Sales of used pure electric cars in the UK reached a record high, revealing pent-up demand and exposing a need to improve supply chains, car dealers said.
As traders tackle lengthy delays in the supply of new vehicles, the used car market has become the hottest ticket in town.
There were 16,775 used pure battery electric cars bought in the UK between July and September, the Society of Motor Manufacturers and Traders (SMMT) said.
That is a 44.1 per cent increase over the same period last year.
“Given the short supply of new cars due largely to sustained chip shortages, a declining used-car market comes as little surprise, although it's great to see a growing number of used buyers able to get into an electric car,” SMMT chief executive Mike Hawes said.
“The demand is clearly there and to feed it we need a buoyant new-car market, which means giving buyers confidence to invest.
“Next week's autumn statement is an opportunity for the government to make a long-term fiscal commitment to zero emission motoring, including adequate public charging infrastructure, which, especially given the economic headwinds, would go a long way to stimulating the market and delivering both economic and net zero progress.”

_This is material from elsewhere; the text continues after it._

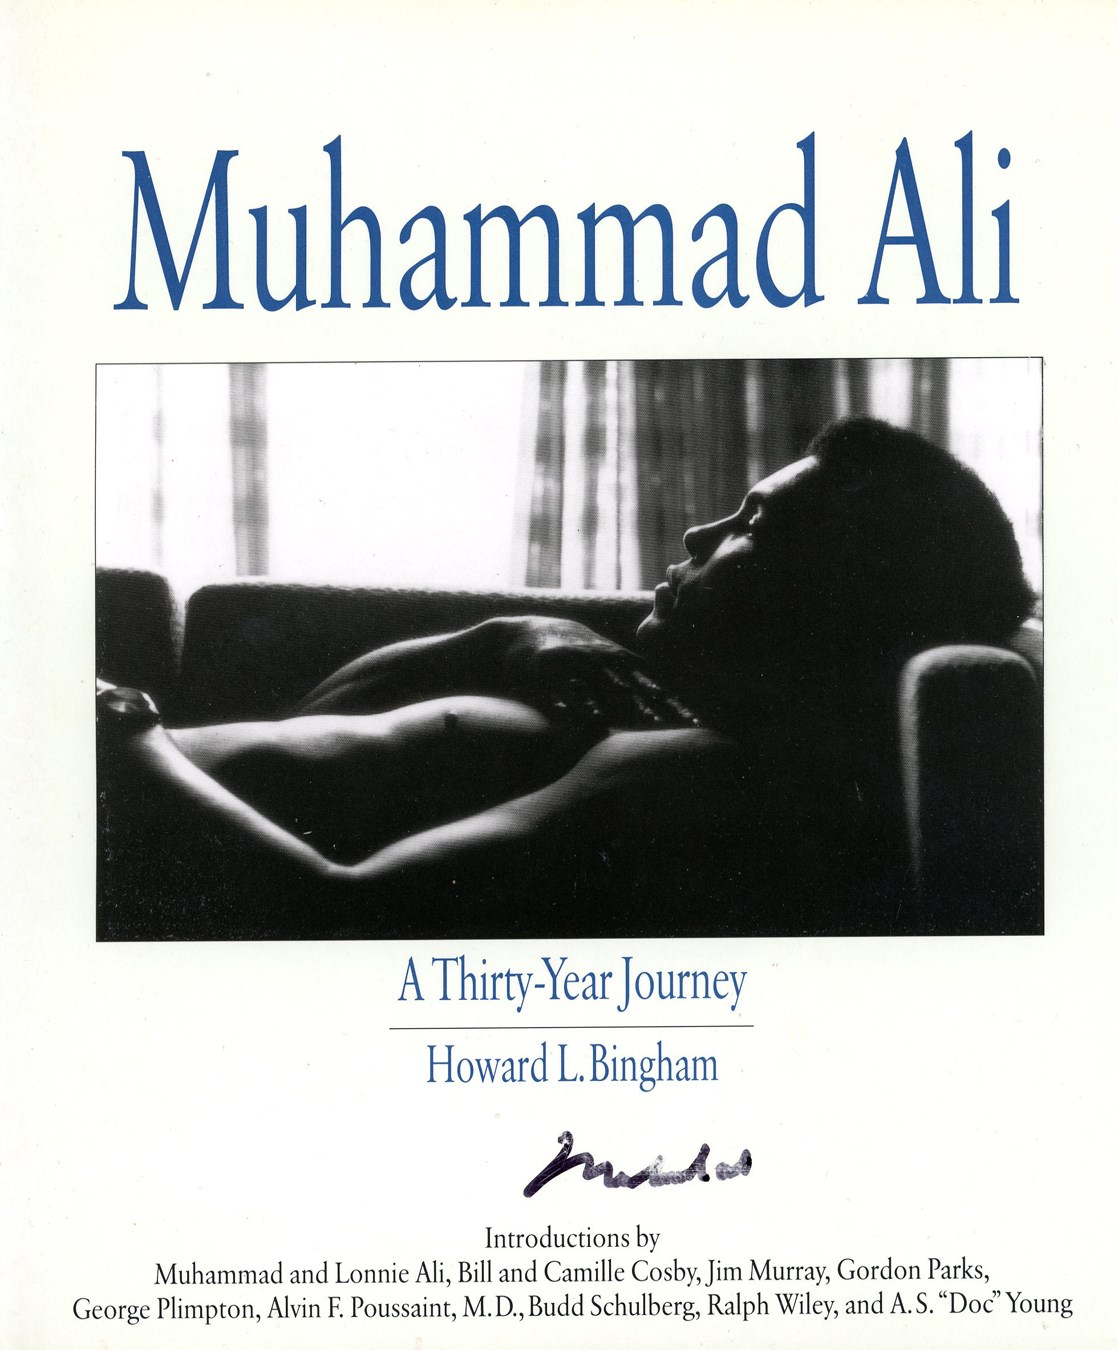 Muhammad Ali & Boxing - 1993 "Muhammad Ali: A Thirty Year Journey" Book - Signed by Ali 8 Times (PSA/DNA)

The details were released while the Cop27 environmental summit is held in Egypt and the UK endures rising energy prices, partly a fall-out from the war in Ukraine.
Sales of used hybrid electrics were up 2.5 per cent year on year, but demand for plug-in hybrids fell by 5.8 per cent.
Alex Buttle, co-founder of used-car marketplace Motorway.co.uk, said: “Electric vehicles (EVs) are becoming the hottest ticket in town.
“With lengthy wait times for new cars of up to a year, motorists have realised the used-car market is the quickest, as well as most affordable, way to make their switch to electric.
“As more drivers make the leap, demand for used EVs will continue to soar.”
The market share of all used electrified cars rose from 3.3 per cent to 4 per cent
The overall number of used cars bought between July and September was 1.8 million, which is the first time quarterly transactions dipped below two million since 2015.
This decrease of 12.2 per cent compared with the same period in 2021 was attributed to supply shortages for new cars.